In a producing gas well, gas enters the wellbore through perforations at reservoir pressure and then expands as it moves up the wellbore to lower pressures. Gas expansion is an endothermic (heat-absorbing) process described by the Joule-Thomson effect: expanding gas cools in proportion to the pressure drop and the gas's Joule-Thomson coefficient. For most natural gas compositions, the Joule-Thomson coefficient is approximately 4-7°C per 10 MPa of pressure drop, meaning a gas entry with 5 MPa drawdown will cool the wellbore by 2-3.5°C at the entry point. This cooling anomaly is localised to the gas entry perforations and is visible on a temperature log as a negative departure from the background geothermal trend. Multiple gas entry points at different depths can be identified as separate cooling anomalies. The magnitude of each anomaly is proportional to the gas flow rate at that depth, providing a qualitative allocation of production between multiple perforated intervals.

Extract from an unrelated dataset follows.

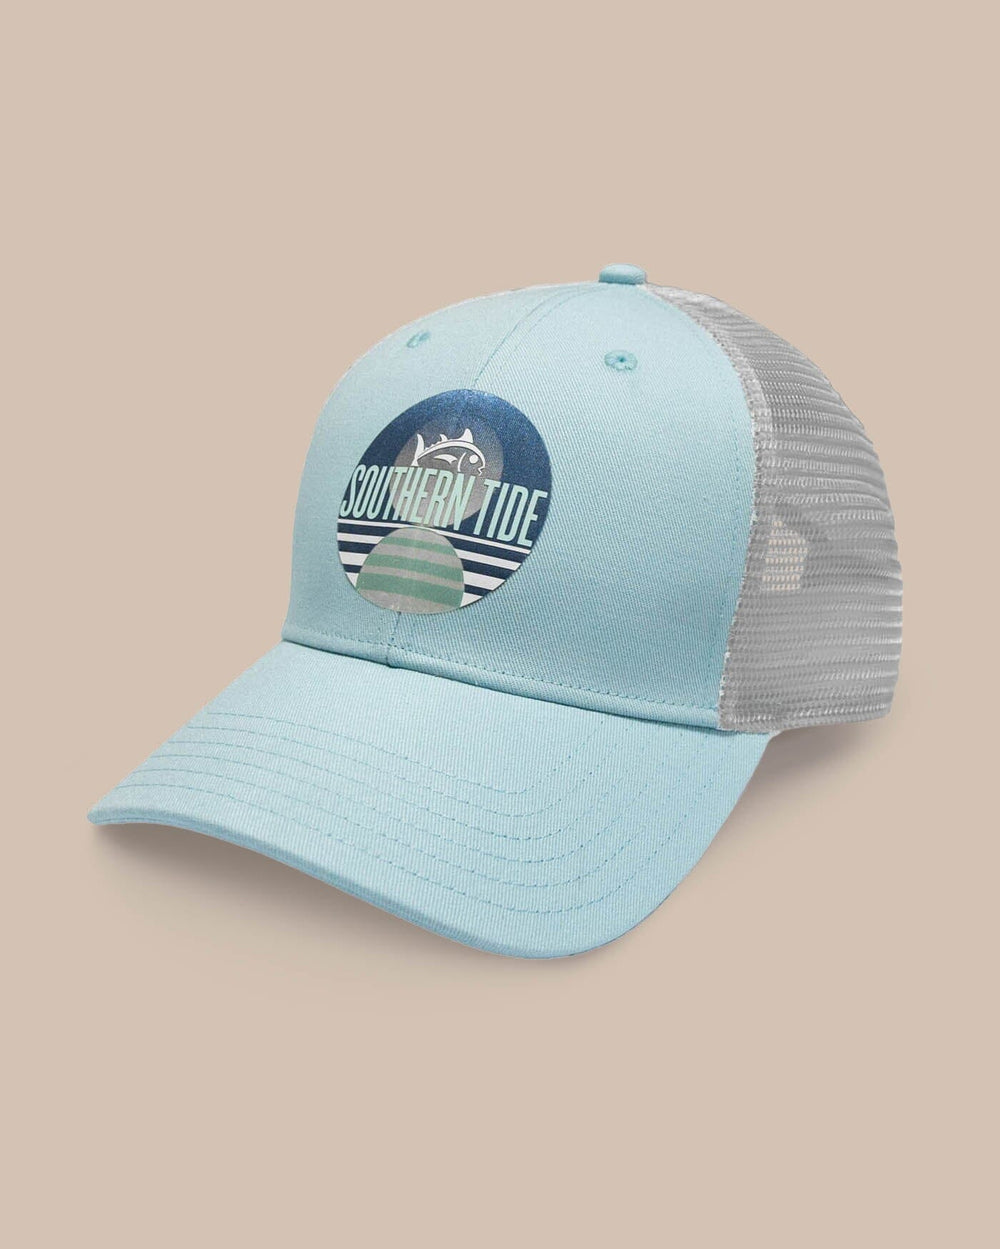 The front view of the Southern Tide Skipjack and Stripes Trucker Hat by Southern Tide - Light Blue
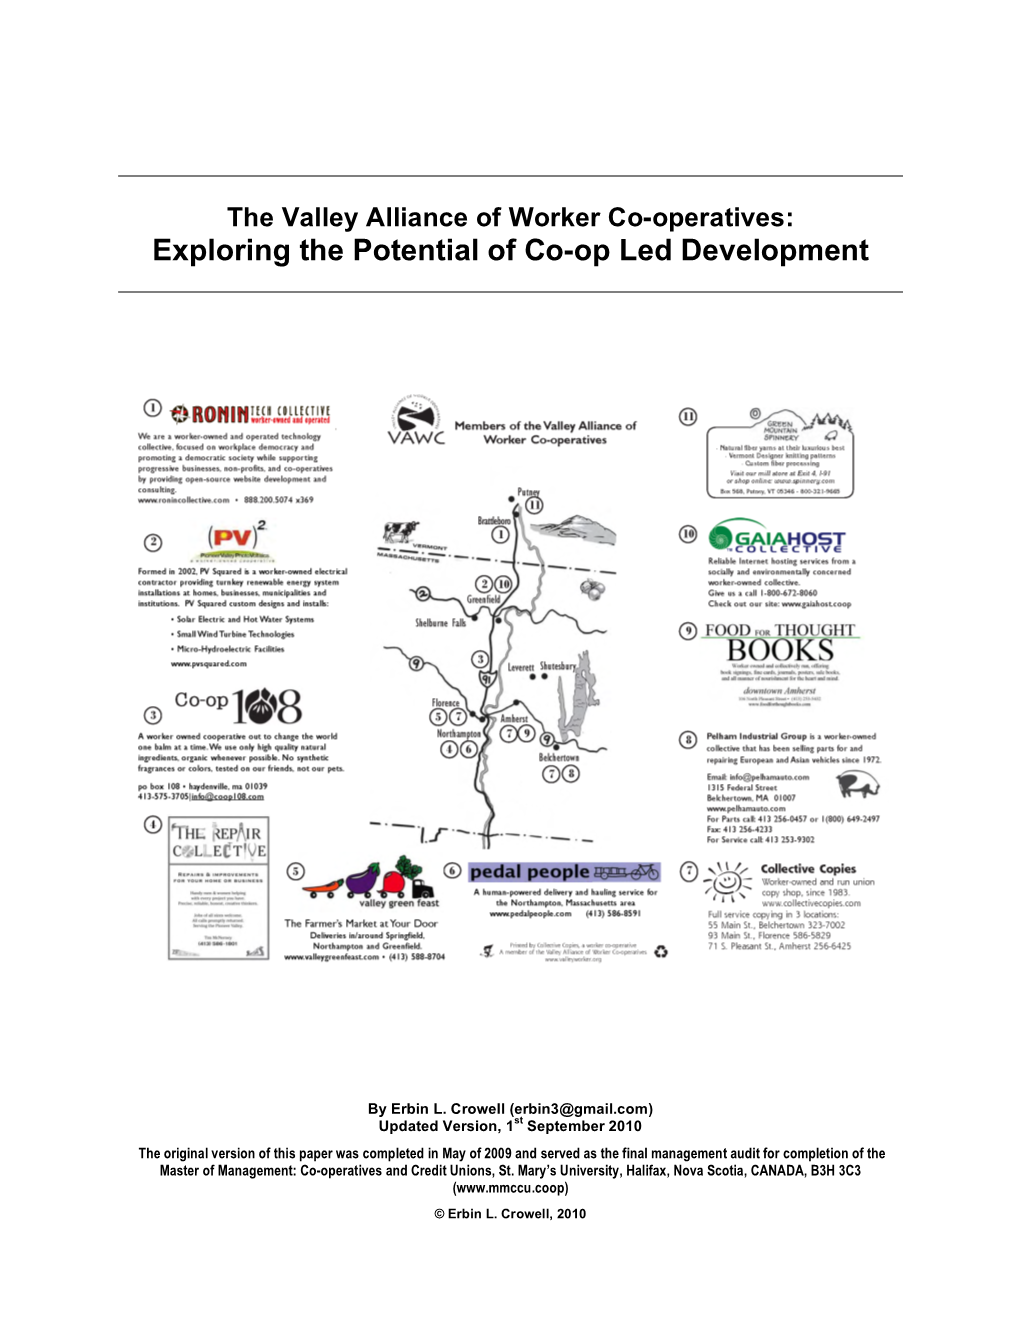 103 2010 Crowell the Valley Alliance of Worker Cooperatives

Why Temperature Logs Matter in Oil and Gas

Temperature is a fundamental physical parameter that influences every aspect of wellbore operation and reservoir behaviour: fluid viscosity and density, chemical reaction rates, cement hydration kinetics, gas dissolution in liquids, polymer degradation, corrosion rates, and thermodynamic phase equilibria all depend directly on temperature. The temperature log provides the downhole temperature measurement that underpins all of these engineering calculations. For pore pressure prediction, the temperature gradient feeds into velocity-pressure transforms. For well integrity, the cement exotherm temperature log validates cementing quality before the well is completed. For production optimisation, the temperature anomaly pattern reveals which perforations are producing and at what relative rates. At the cost of a simple resistivity measurement with no radioactive sources and no high-voltage current injection, the temperature log delivers fundamental diagnostics for wellbore integrity, cement quality, and fluid movement that would otherwise require much more expensive and operationally complex measurements.